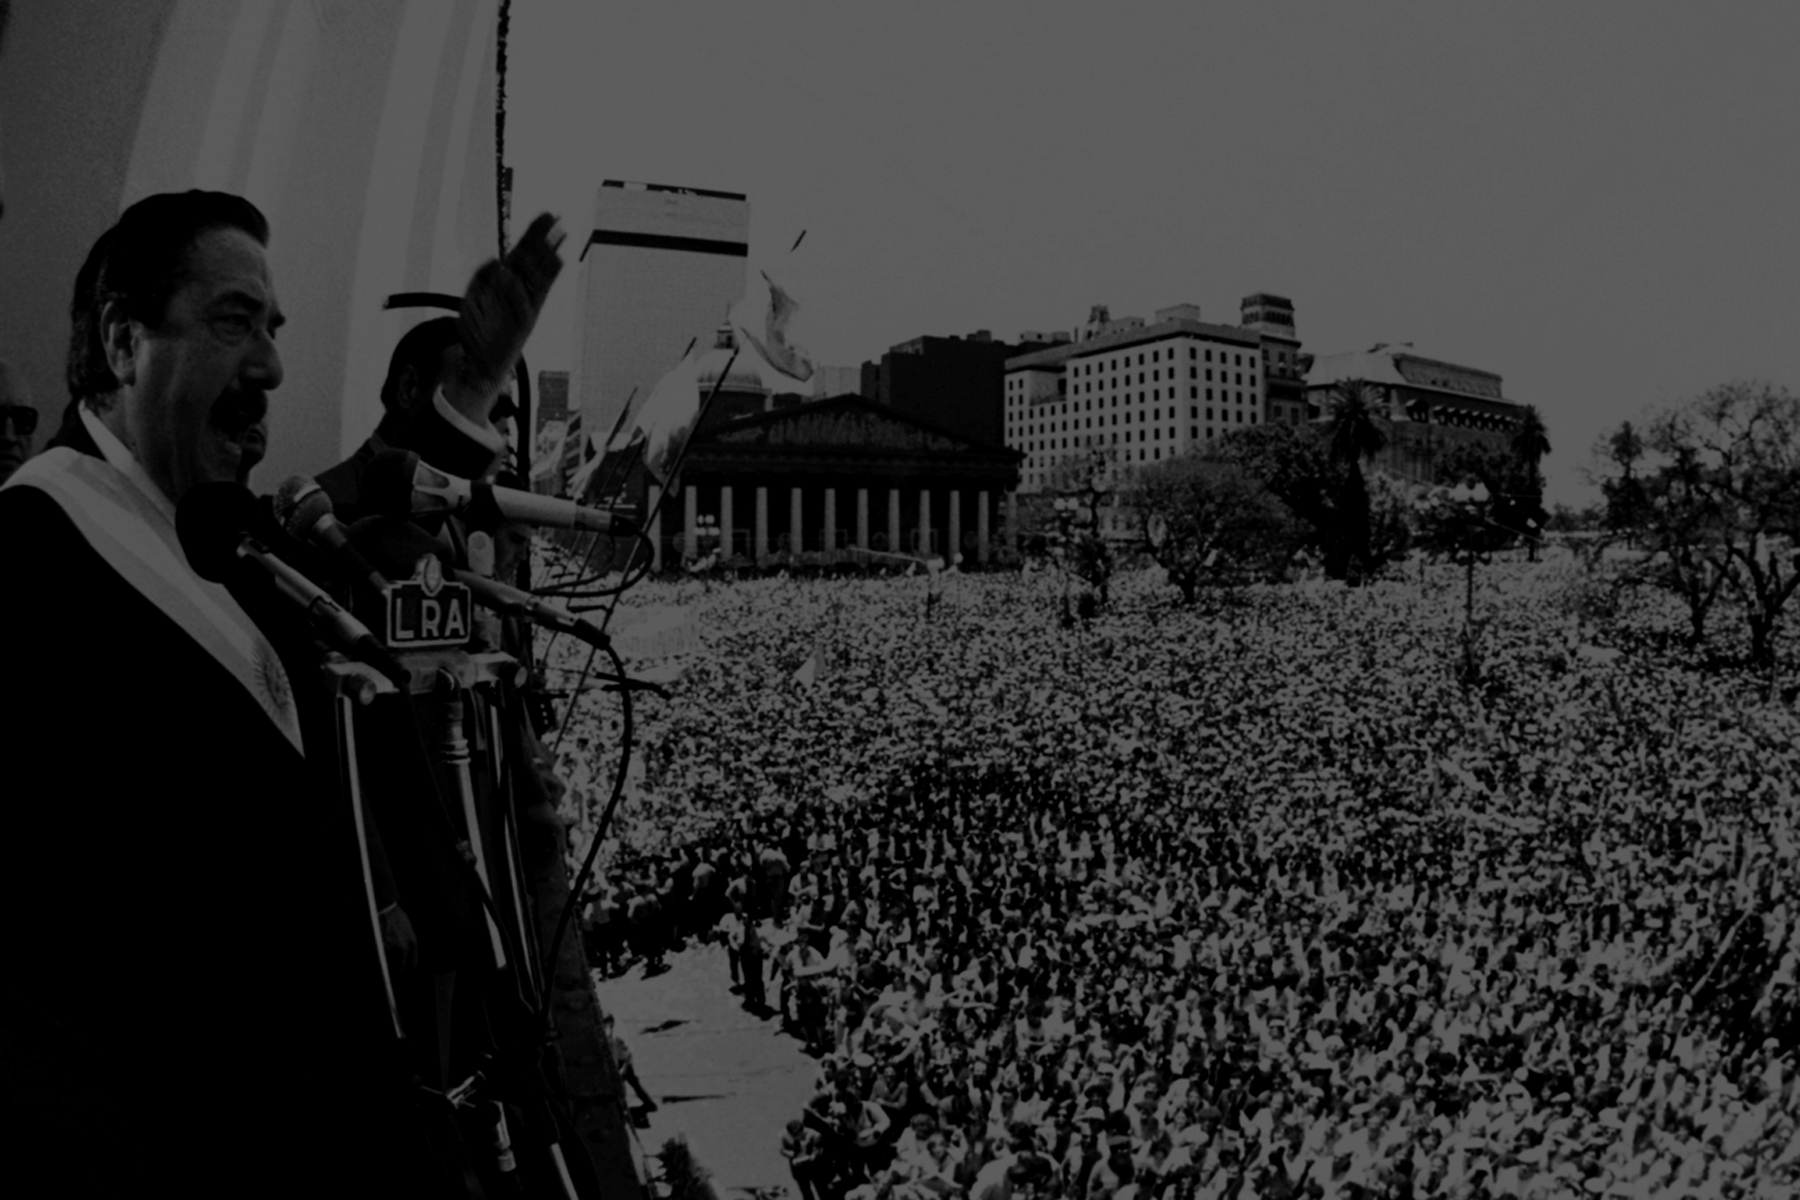 2009 - Diego García - Militante radical
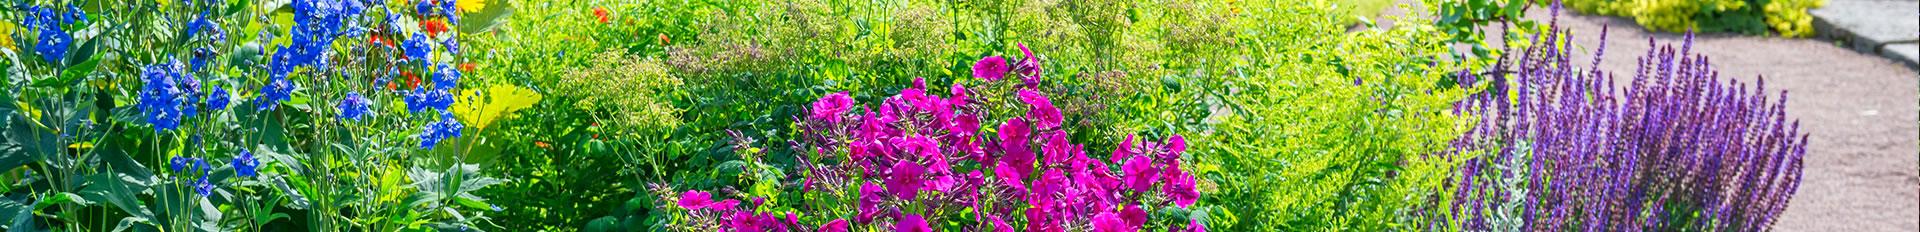 Tributes | Pinecrest Memorial Gardens & Crematory
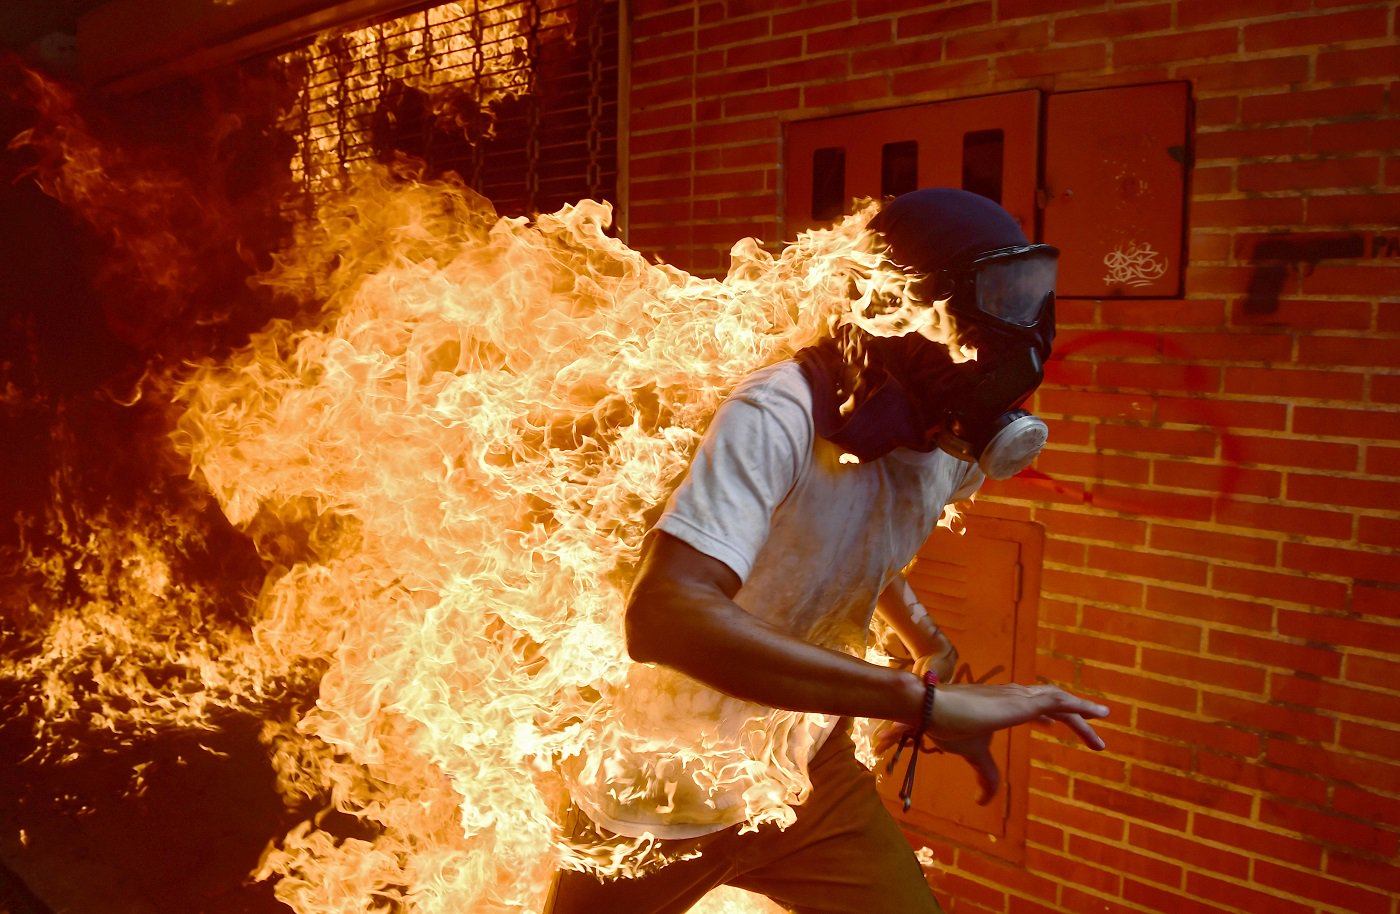 protestas-venezuela-Ronaldo-Schemidt-nominada-world-press-photo

************

* Exercise aim
Without the pictures, repeat every line of the material above exactly.

* Answer section
 2009 - Diego García - Militante radical
 Tributes | Pinecrest Memorial Gardens & Crematory
 protestas-venezuela-Ronaldo-Schemidt-nominada-world-press-photo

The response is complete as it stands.